I do not want to rule out that I am doing something wrong, perhaps I am misunderstanding some semantics.
Minimum reproducible example (based on expand_example.cpp
)
#include <iostream>
#include <vector>
#include <numeric>
#include <stdexcept> // for runtime_error
#include "qpl/qpl.h"
void run(uint32_t input_vector_width) {
// Default to Software Path
qpl_path_t execution_path = qpl_path_software;
// Source and output containers
std::vector<uint8_t> source = {0b0000'0001};
std::vector<uint8_t> destination = {0};
std::vector<uint8_t> reference = {0};
qpl_job *job;
qpl_status status;
uint32_t size = 0;
// Job initialization
status = qpl_get_job_size(execution_path, &size);
if (status != QPL_STS_OK) {
throw std::runtime_error("An error acquired during job size getting.");
}
job = (qpl_job *) std::malloc(size);
status = qpl_init_job(execution_path, job);
if (status != QPL_STS_OK) {
throw std::runtime_error("An error acquired during job initializing.");
}
// Performing an operation
job->next_in_ptr = source.data();
job->available_in = static_cast<uint32_t>(source.size());
job->next_out_ptr = destination.data();
job->available_out = static_cast<uint32_t>(destination.size());
job->op = qpl_op_expand;
job->src1_bit_width = input_vector_width;
job->src2_bit_width = 1;
job->available_src2 = 1;
job->num_input_elements = 1;
job->out_bit_width = qpl_ow_8;
uint8_t mask = 0b0000000'0; // mask is single 0
job->next_src2_ptr = const_cast<uint8_t *>(&mask);
status = qpl_execute_job(job);
if (status != QPL_STS_OK) {
throw std::runtime_error("An error acquired during job execution.");
}
const auto expand_size = job->total_out;
if (expand_size != 1) {
throw std::runtime_error("too few bytes");
}
// Freeing resources
status = qpl_fini_job(job);
if (status != QPL_STS_OK) {
throw std::runtime_error("An error acquired during job finalization.");
}
std::free(job);
// Check if everything was alright
for (size_t i = 0; i < expand_size; i++) {
if (destination[i] != reference[i]) {
throw std::runtime_error("Incorrect value was chosen while operation performing.");
}
}
std::cout << "Expand was performed successfully." << std::endl;
}
auto main(int argc, char** argv) -> int {
run(3); // works
run(2); // works
run(1); // fails at assertion
return 0;
}
Output:
Expand was performed successfully.
Expand was performed successfully.
terminate called after throwing an instance of 'std::runtime_error'
what(): too few bytes
Aborted
I did some rudimentary debugging, but I cannot quite figure out why the total_out
is not being written properly. Here are some observations:
- expand kernel (
qplc_expand_8u
) picked- seems to work fine for both 1 and 2 bits
- debugging showed that 0 is written to intermediate buffer
perform_pack
- (in
sources/middle-layer/analytics/output_stream.cpp:45
) - different pack_index_kernel implementations are picked for 1 and 2 bits
- 2 bits
- resolves to
qplc_pack_bits_nu
->qplc_pack_8u8u
->qplc_copy_8u
- copies over 0 correctly
- previous output stream creation:
- (in
sources/c_api/filter_operations/expand_job.cpp:163
) .nominal(false)
- (in
- resolves to
- 1 bit
- resolves to
qplc_pack_index_8u
- does not advance
dst_ptr
sincesrc_ptr[i] == 0
->bytes_written() == 0
->total_out == 0
- previous output stream creation:
- (in
sources/c_api/filter_operations/expand_job.cpp:163
) .nominal(true)
- I do not get why the nominality of the output stream depends on the input bit width if the intermediate buffer has a bit width of 8
- (in
- resolves to
- (in
I am not familiar with QPL's internal structure, but I suppose a fix would include changing the .nominal
line to something like job_ptr->out_bit_width == qpl_ow_nom
. This should choose the right qplc_copy_8u
implementation and advance the pointer properly (untested).
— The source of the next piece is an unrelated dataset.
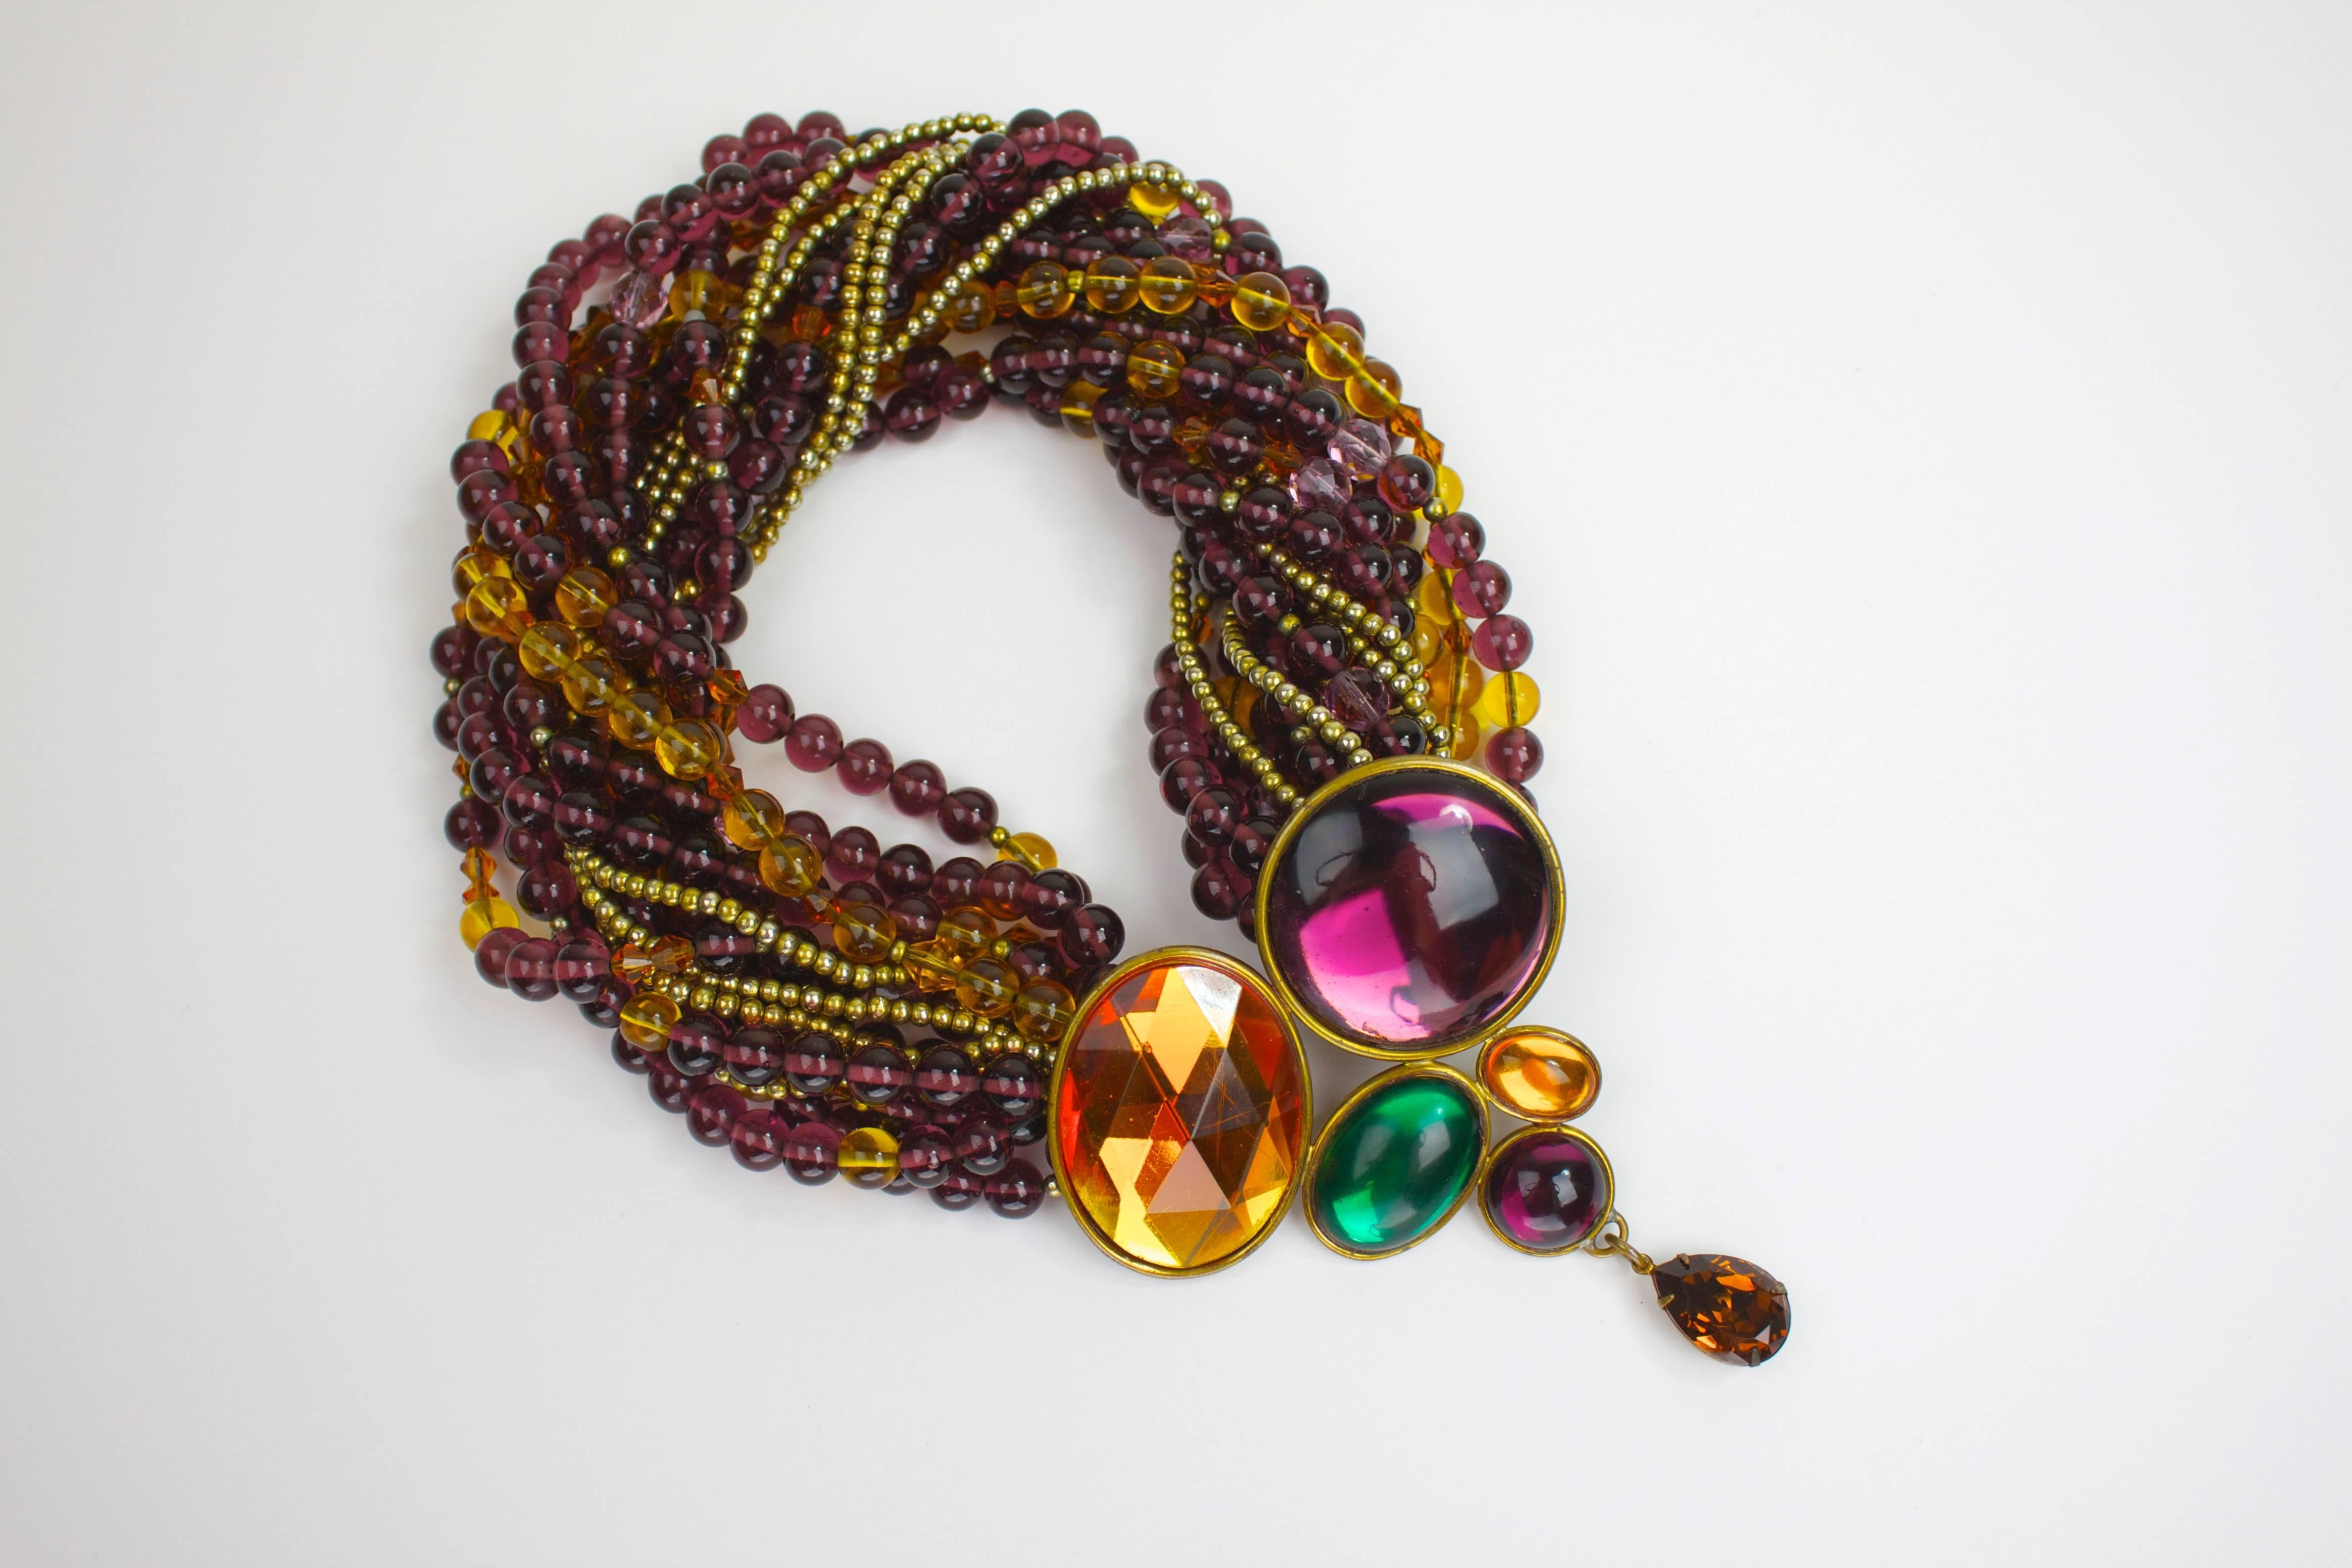 Known for her gorgeous art-to-wear creations for the runways of Oscar De La Renta and Bill Blass, Tess Sholom crafts some of the most gorgeous statement pieces to complement and finish ensembles.

This multistrand necklace--featuring plum, amber,

Hey @Jonas-Heinrich, thanks for the super descriptive issue.
I think that this is the expected behavior of qpl with these parameters. For the qpl_ow_8
(or qpl_ow_16/32
) on a bit vector it invokes output modification where the output is a list of indices of 1's rather than the entire bit vector.
More information can be found in the Output Modification for Nominal Bit Vector Output section of the QPL Documentation
Sorry if the required information was tucked away in a difficult to find location. I'll work on getting it more easily accessible.
Hi @abdelrahim-hentabli, thank you for the reply!
Even though I had read the entire documentation, including the Output Modification for Nominal Bit Vector Output document you linked you linked and even parts of the architecture documentation, I did not quite connect the dots in this way.
I can imagine why it has to be this way (AFAIK perhaps the output modification is a separate hardware "module" afterwards that does not care about semantics of previous operation) and accept that this is the intended behavior.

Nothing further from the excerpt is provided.